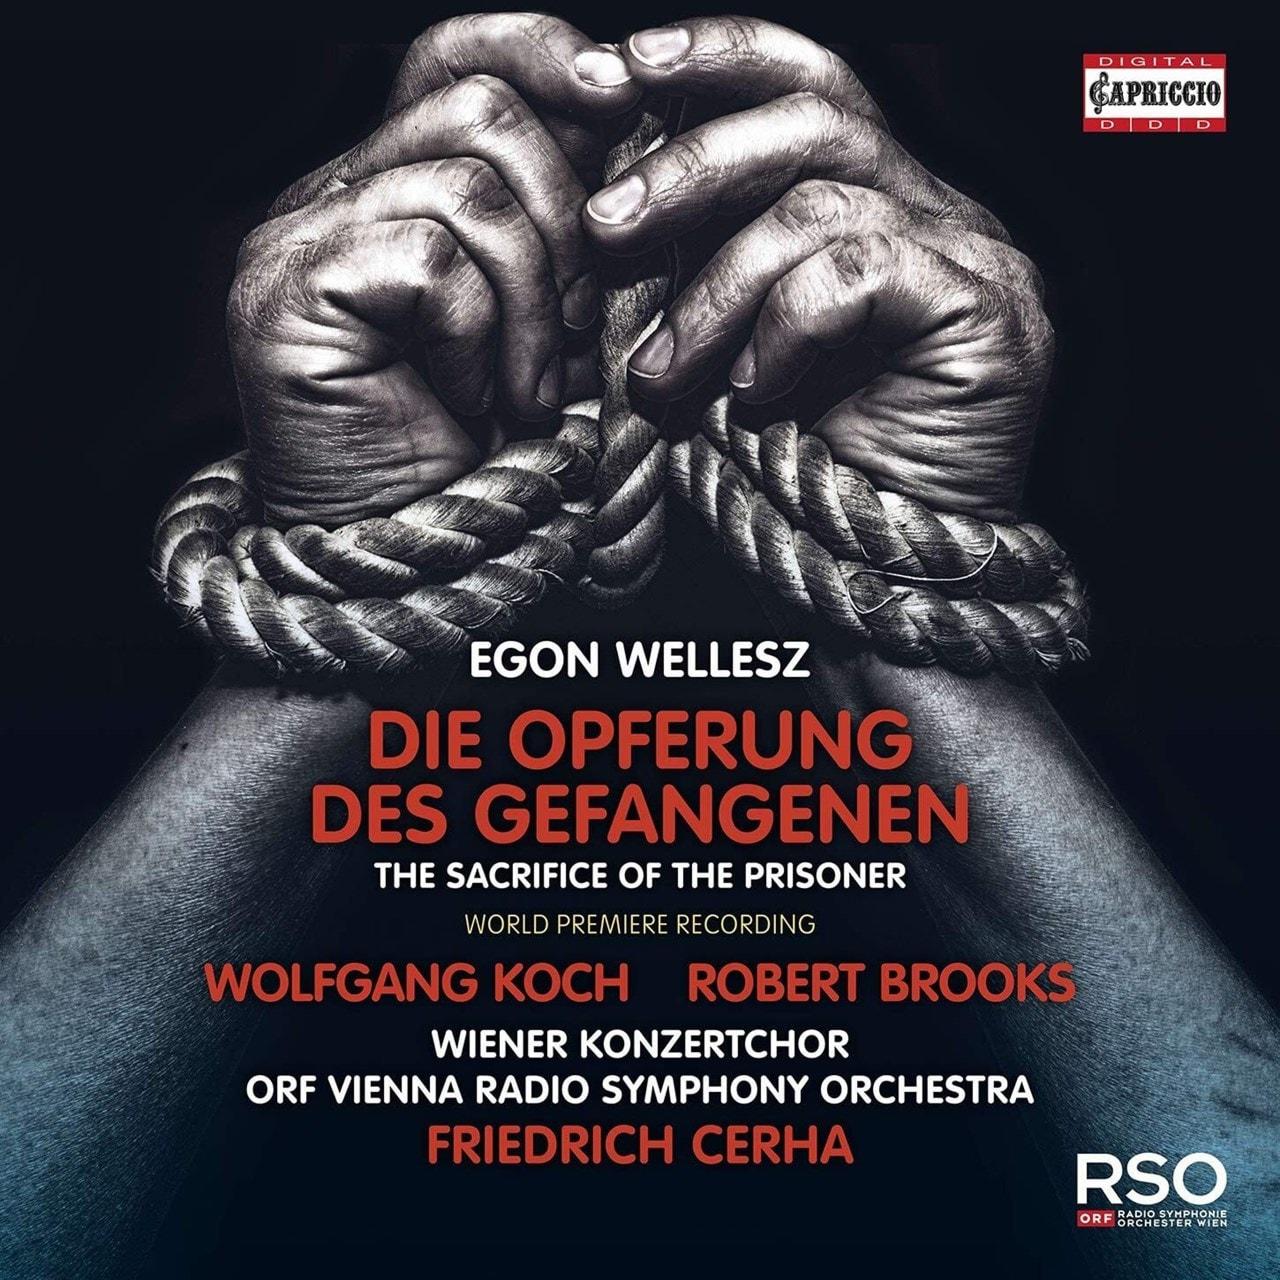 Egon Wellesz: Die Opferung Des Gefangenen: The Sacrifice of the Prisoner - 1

————

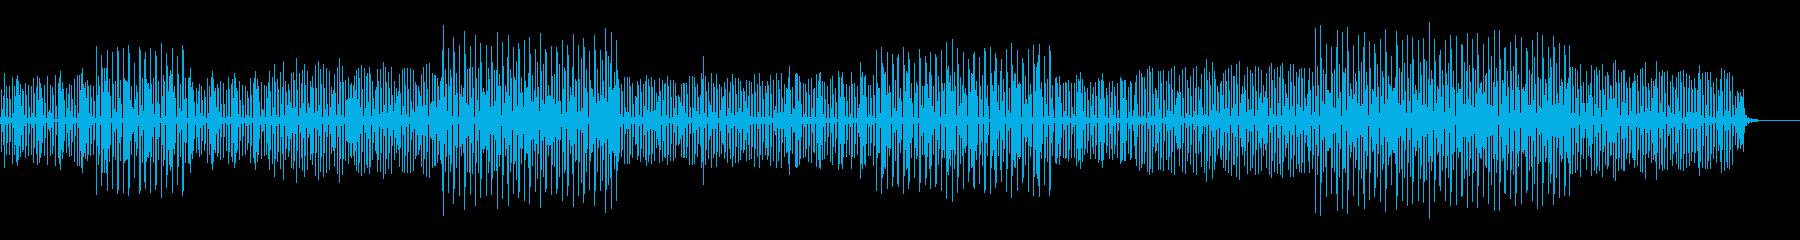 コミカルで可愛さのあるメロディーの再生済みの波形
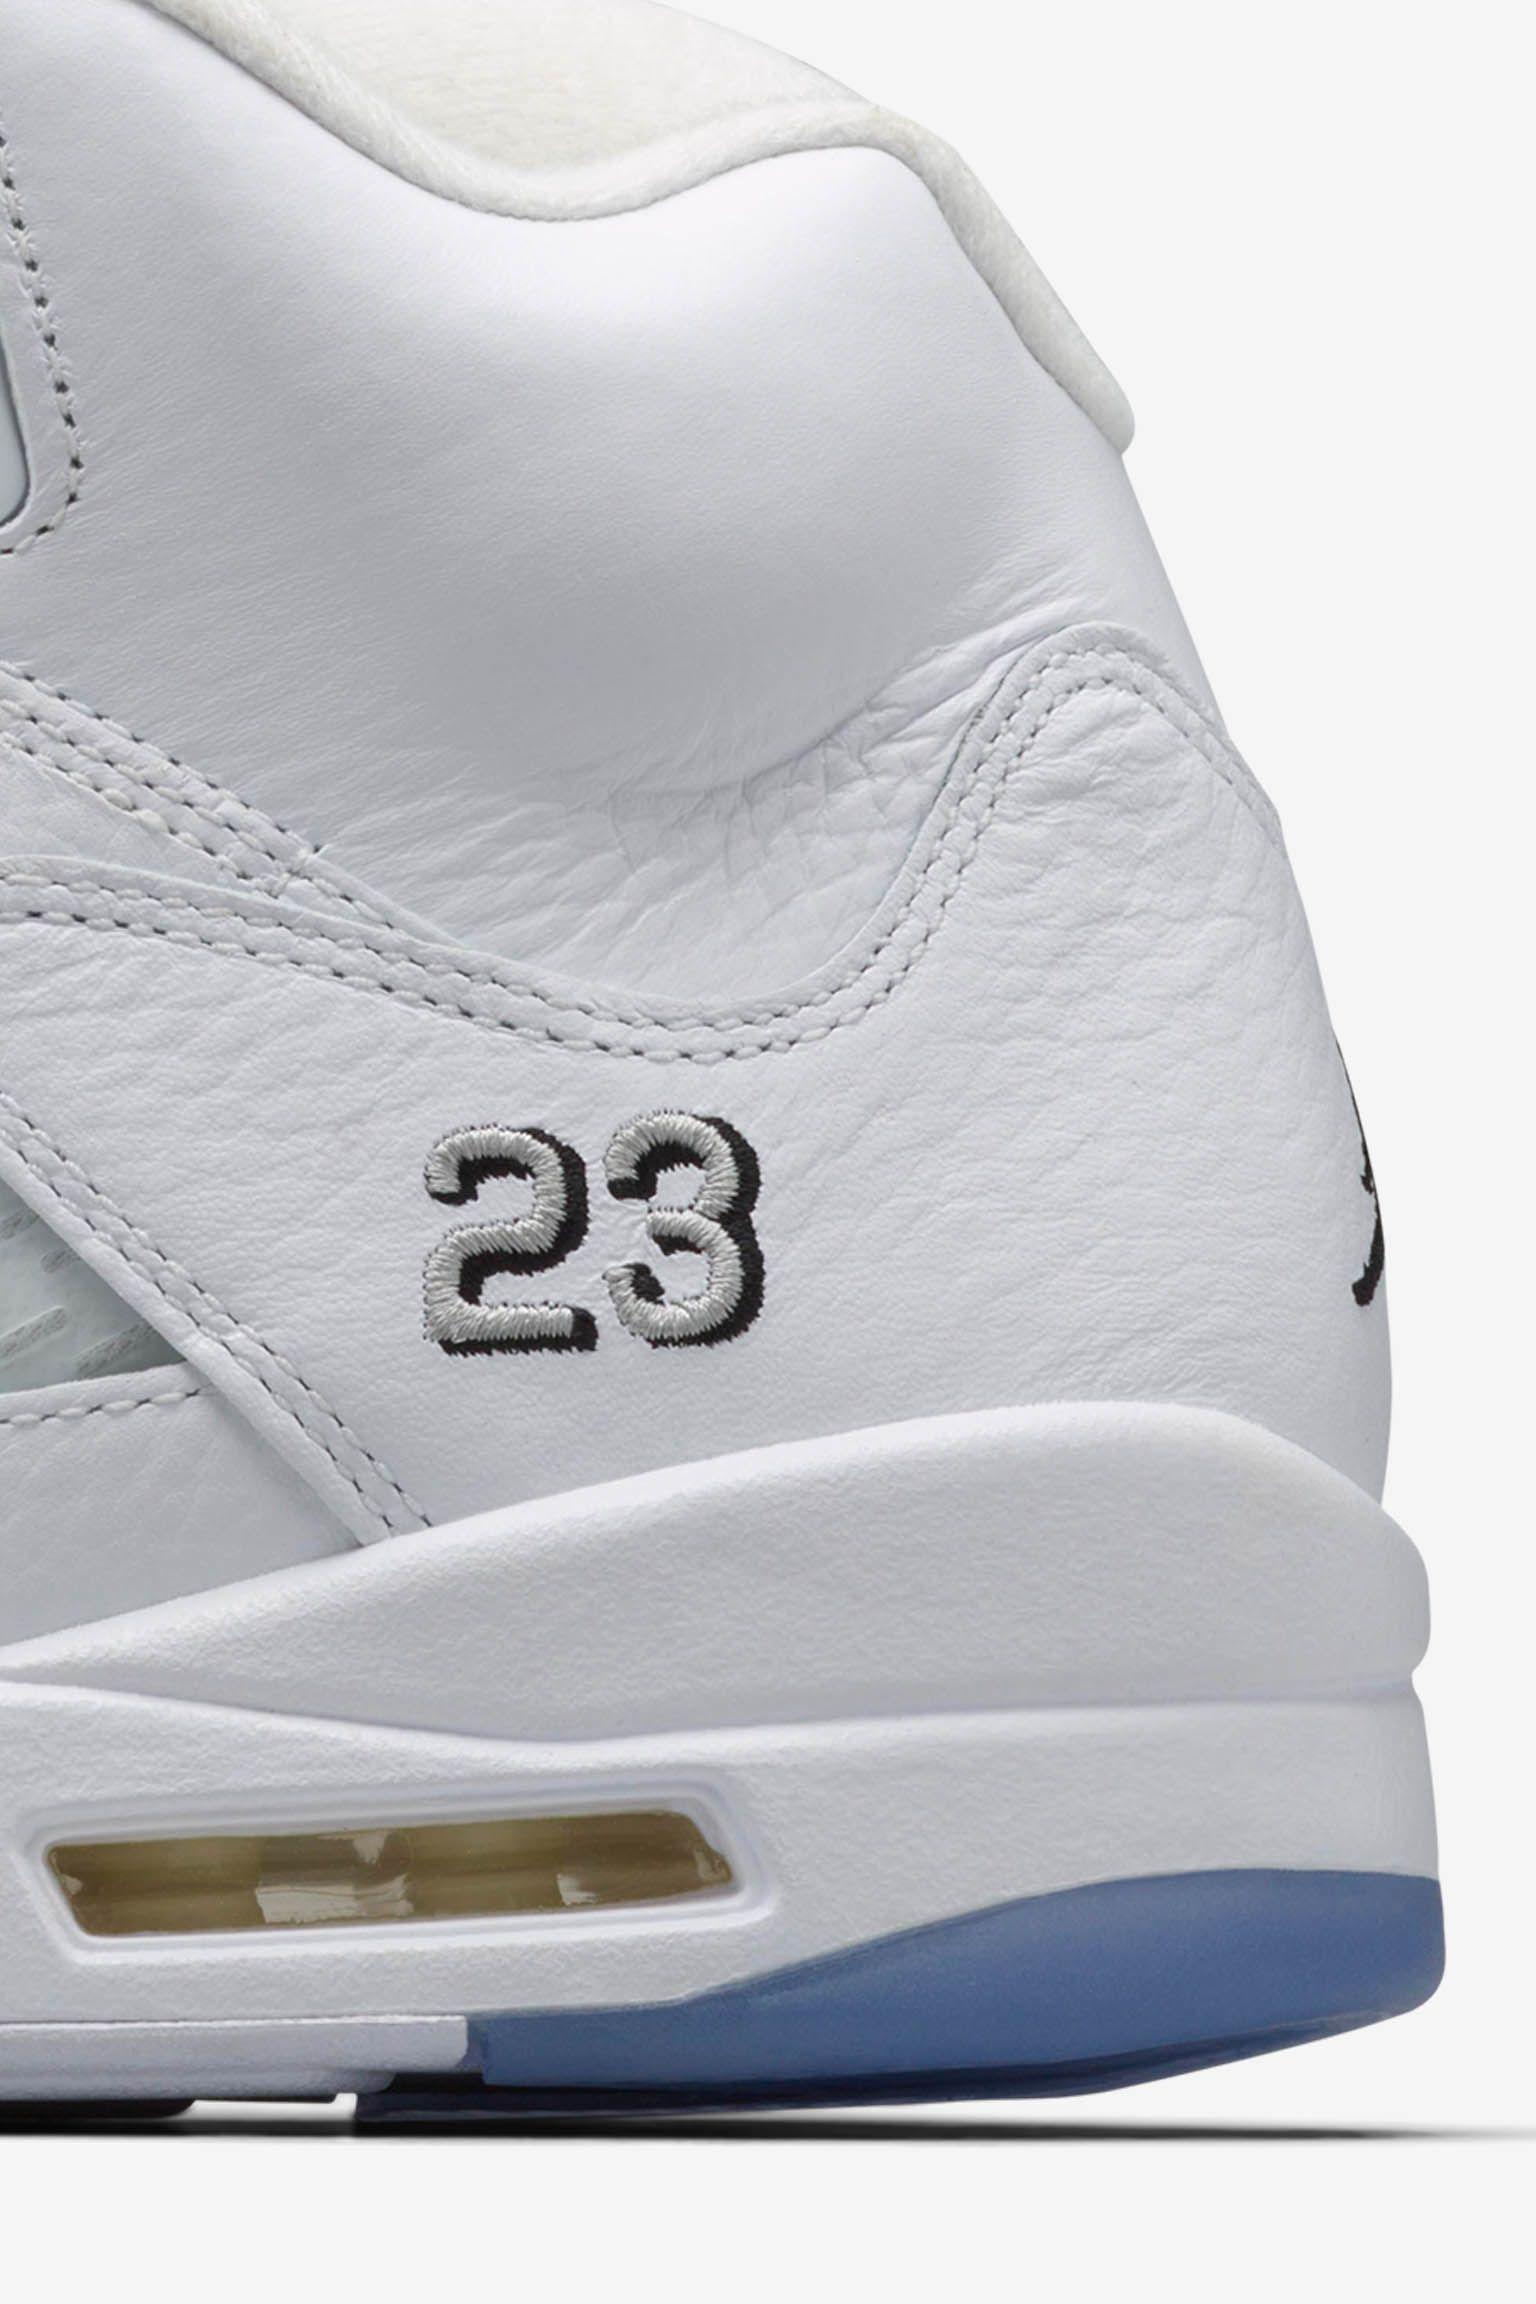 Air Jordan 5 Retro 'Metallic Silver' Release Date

————

#### PROMPT:
In the listing above, find the line containing "コミカルで可愛さのあるメロディーの再生済みの波形" and the line containing "Air Jordan 5"; print those lines and every line between them exactly, leaving out pictures.

#### ANSWER FOR THE TASK:
 コミカルで可愛さのあるメロディーの再生済みの波形
 Air Jordan 5 Retro 'Metallic Silver' Release Date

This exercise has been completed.